Naiv, blöd oder boshaft, wer in Kenntnis dieser Faktenlage annähme oder behauptete, die Geschichte würde hier enden. Natürlich geht sie weiter. Der Embryonenschutz-Kompromiss steht unter Beschuss. Der Hirntod ist ein vorläufiges Konzept. Denn die Lebenden beanspruchen mehr Zeit. Immer mehr. Und natürlich werden sich immer geschäftstüchtige Experten finden, die ihnen das Gewünschte bieten – und utilitaristische Ethiker, die ihnen ein gutes Gewissen machen. Die Lebenden: eine Horde empfindungsloser Deppen am Ende, die einander als Biomasse ansehen und dementsprechend behandeln.

P.S. Und was, fragt der Kritiker, sagst du dem sterbenskranken Kollegen, der auf eine Spenderniere wartet?  Was sagst du dem chronisch kranken Nachbarn, dessen Leiden durch ein neu entwickeltes Medikament beendet werden könnte? Was sagst du dem kinderlosen Paar, das sein Glück in der künstlichen Befruchtung sucht?

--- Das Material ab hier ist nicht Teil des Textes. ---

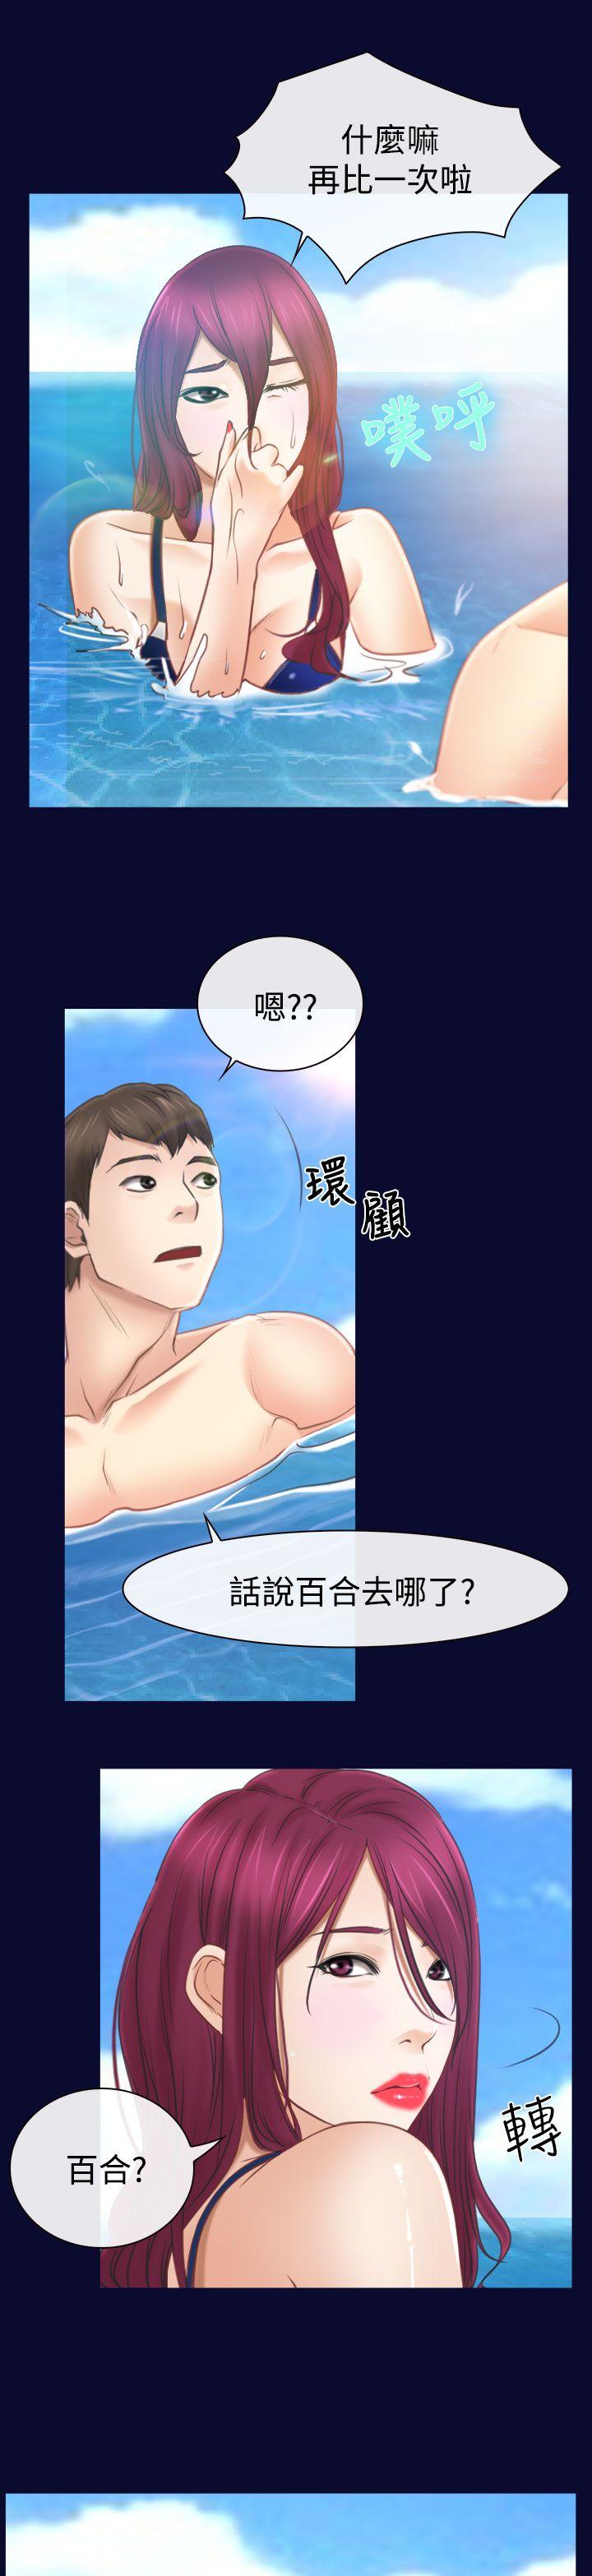 韩国污漫画 猜不透的心 第14话 17

Was sagst du dem Armen, der von der billig produzierten Biomasse lebt, die ihm die moderne, wissenschaftlich fundierte und technologisch hochgerüstete Landwirtschaft bietet?  Was sagst du den Leuten, die alle legalen Angebote nutzen, um ihr Leben so lange wie möglich zu genießen? Ich weiß nicht. Mir fällt nur ein sehr abstrakter Gedanke ein. Kants Kategorischer Imperativ: „Handle nur nach derjenigen Maxime, durch die du zugleich wollen kannst, dass sie ein allgemeines Gesetz werde.“ Bedenke, dass deine privaten Entscheidungen allgemeine Konsequenzen haben. Organtransplantation impliziert Organhandel mit allen bekannten und noch zu erwartenden Scheußlichkeiten, Embryonenforschung weckt das Gespenst der Eugenik, künstliche Befruchtung ist der erste Schritt zum marktgerechten Design des Lebens, industrielle Lebensmittelproduktion ist Landraub und stürzt arme, aber freie Selbstversorger ins Elend der Slums, Hedonismus unter modernen marktwirtschaftlichen Bedingungen bedeutet grenzenloser Konsumismus und absolute Enteignung der Persönlichkeit. Das eigene Leben ist nicht das höchste Gut. Der Egoismus, der das Wirtschaftsleben totalitär beherrscht, darf nicht zum allgemeinen Gesetz werden.